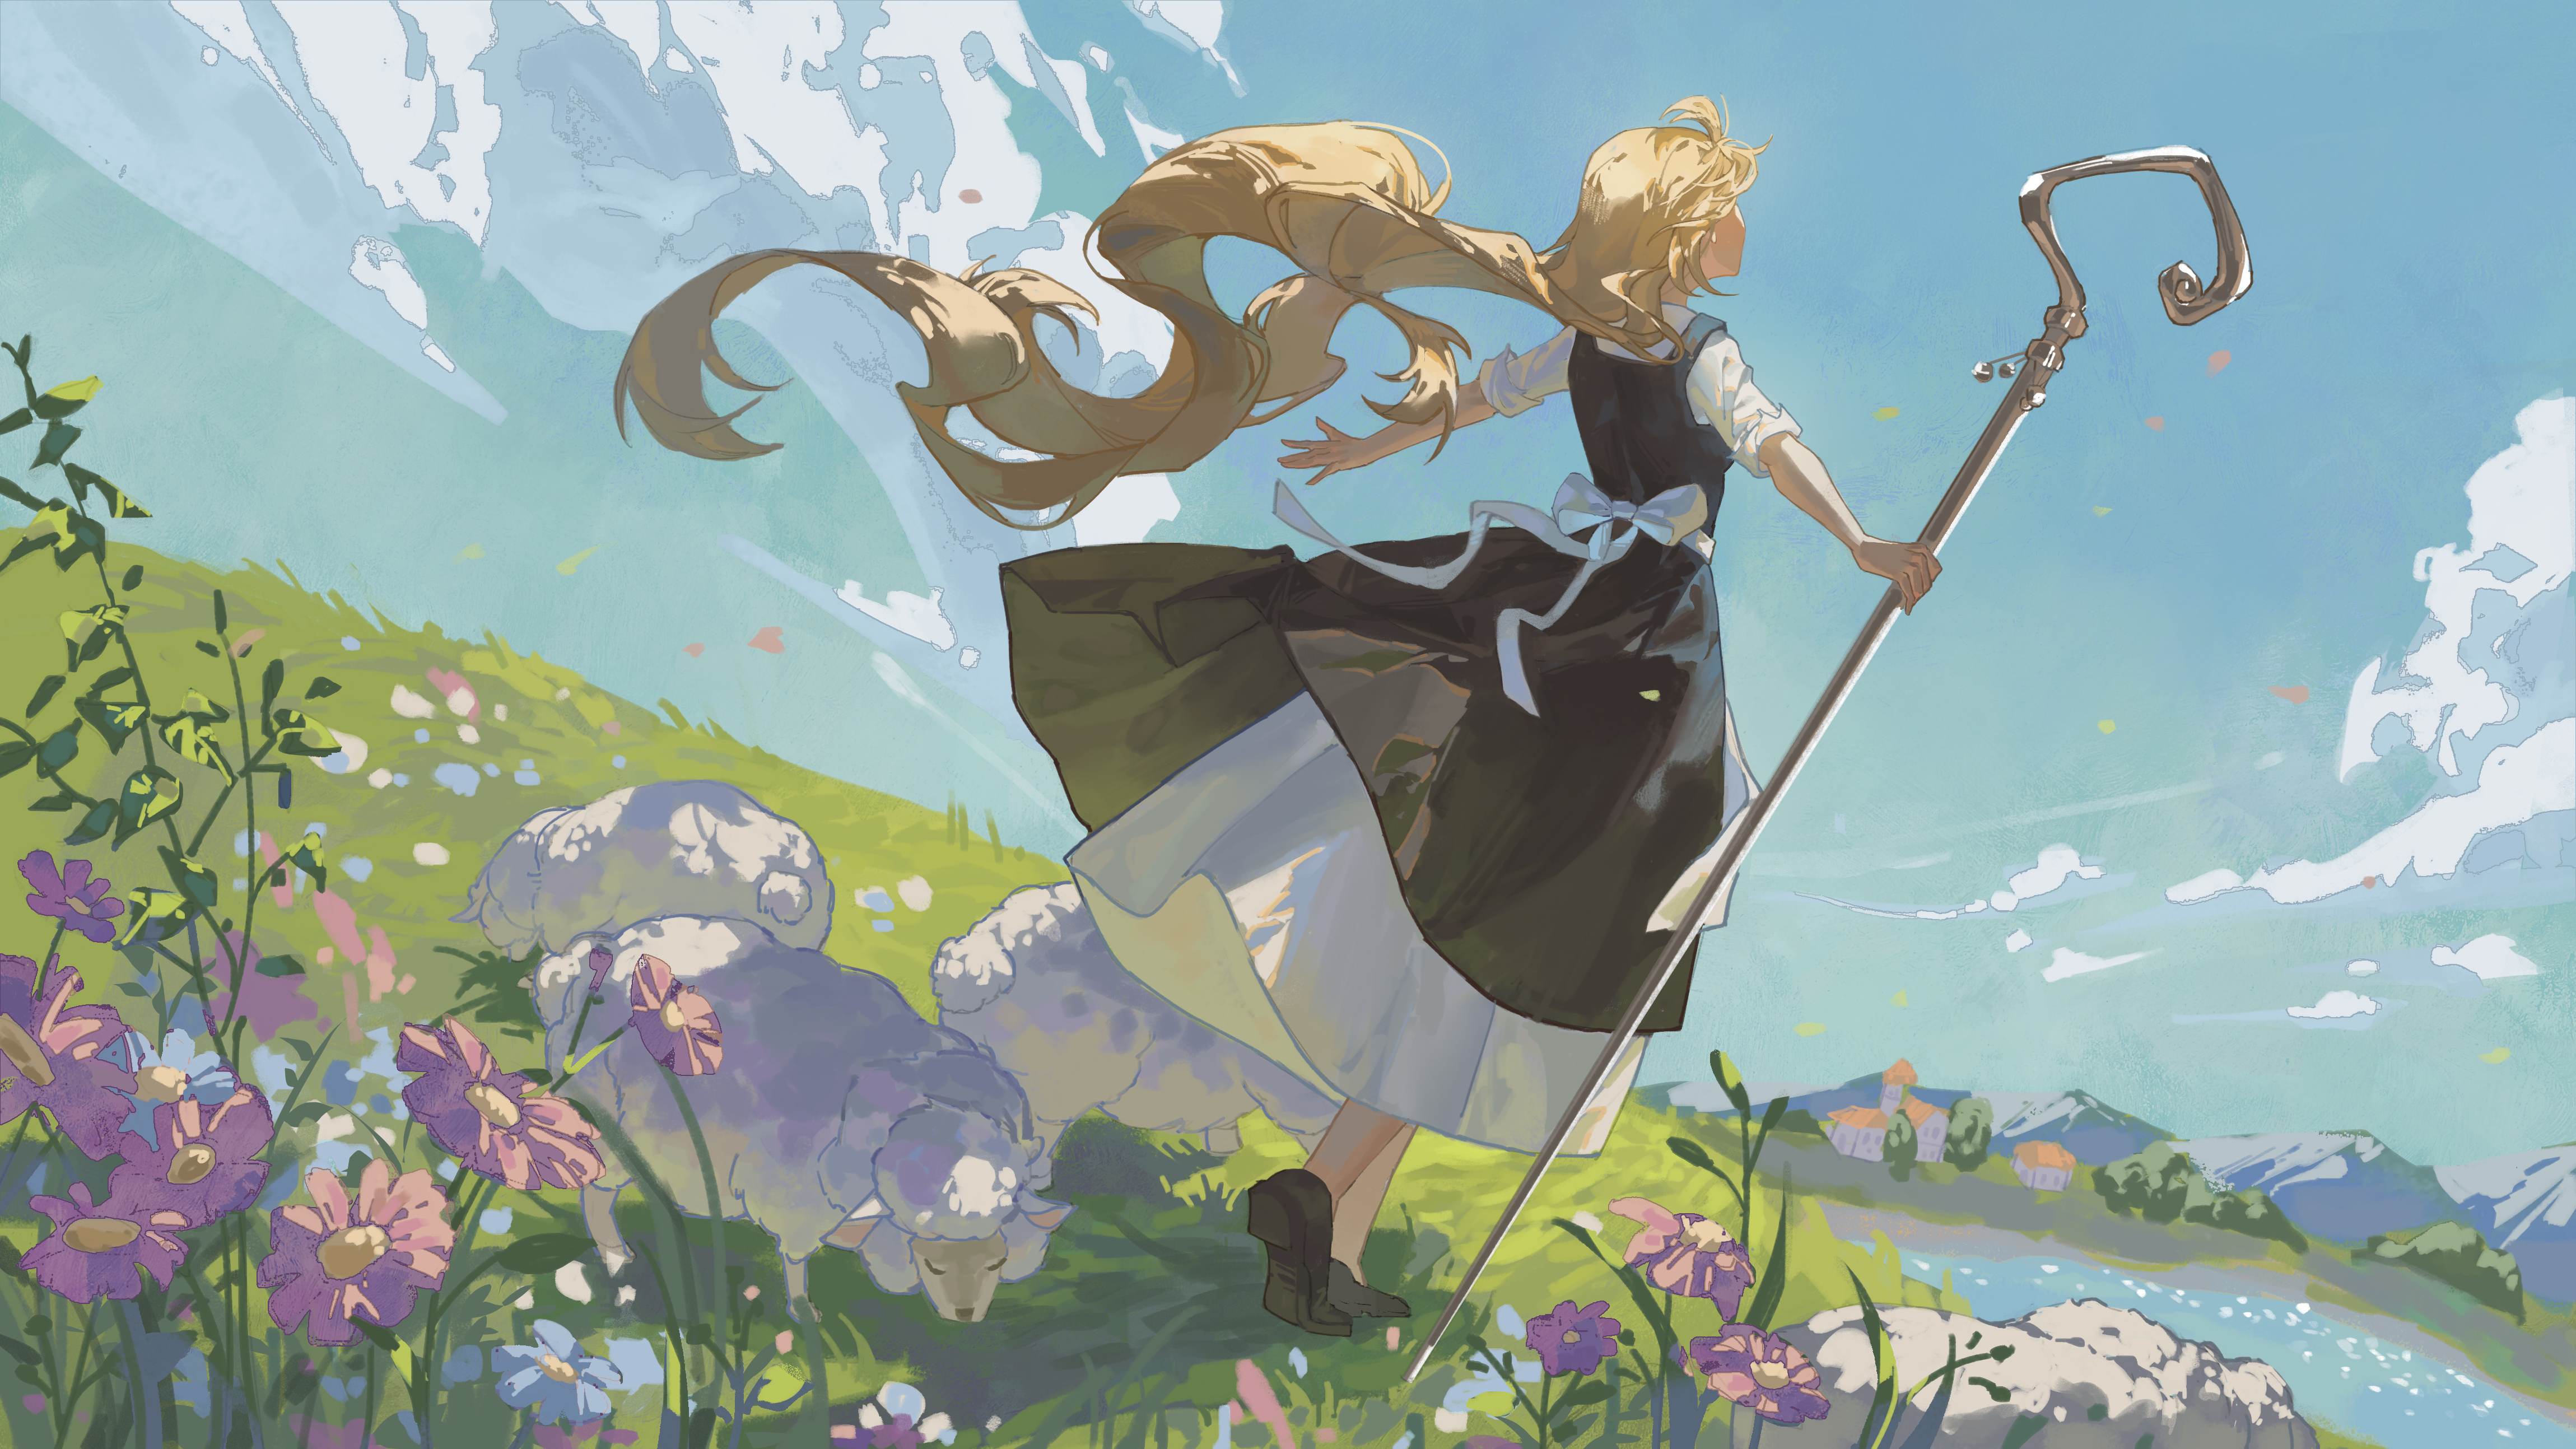 Anime Anime Girls Long Hair Blonde Flowers Grass Sky Clouds Water Mountains Standing Looking Up Shee 4599x2587
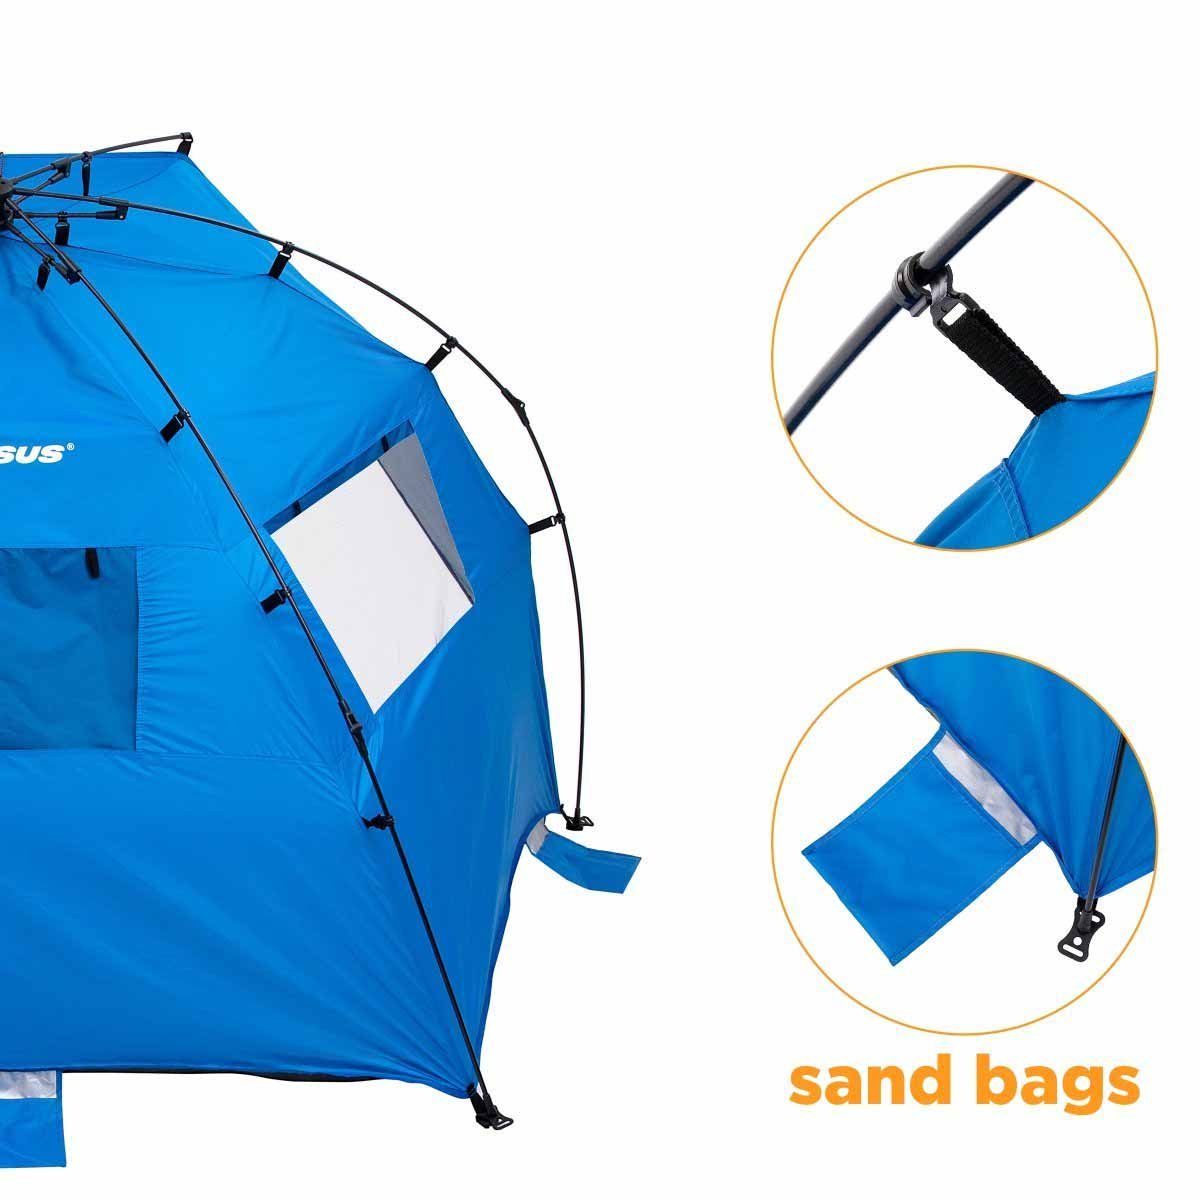 4 Person Large Easy Up Beach Tent Sun Shade Shelter is equipped with sand bags and is easily opened with zipper locks
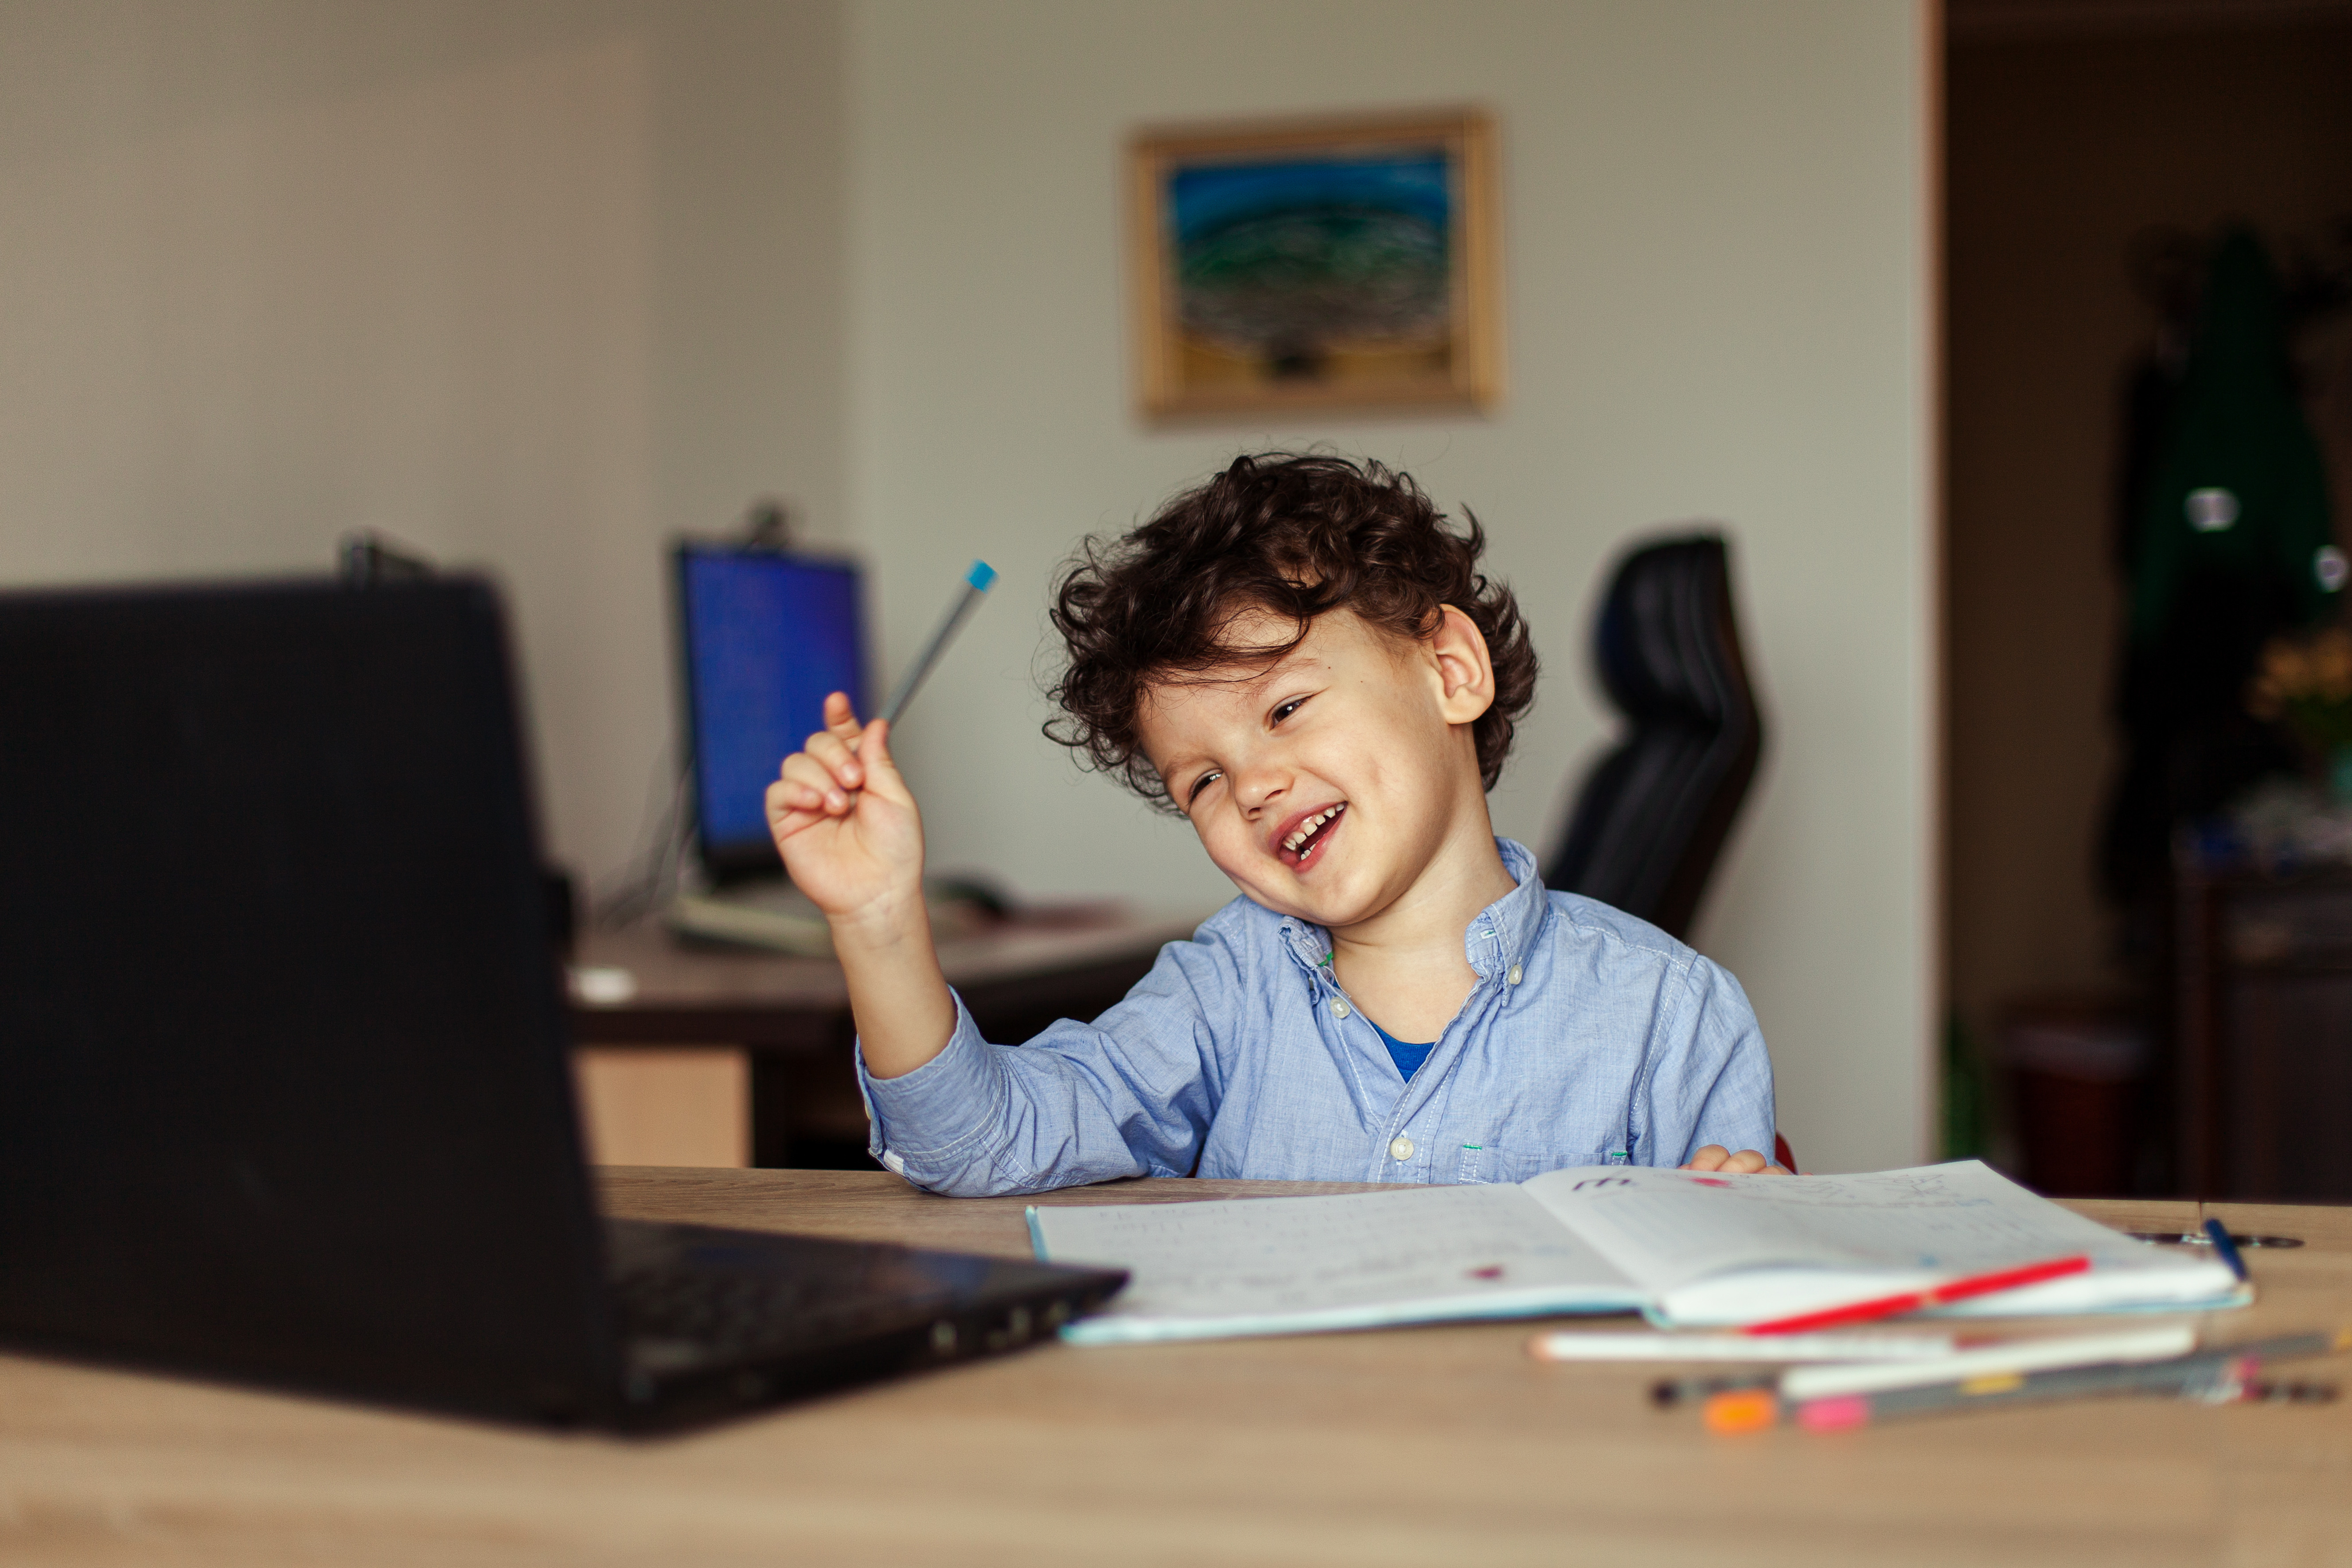 Young boy smiling at laptop

# What you will do
Repeat the full listing above without altering a word, and skip the pictures.

# Reply
 Anime Anime Girls Long Hair Blonde Flowers Grass Sky Clouds Water Mountains Standing Looking Up Shee 4599x2587
 4 Person Large Easy Up Beach Tent Sun Shade Shelter is equipped with sand bags and is easily opened with zipper locks
 Young boy smiling at laptop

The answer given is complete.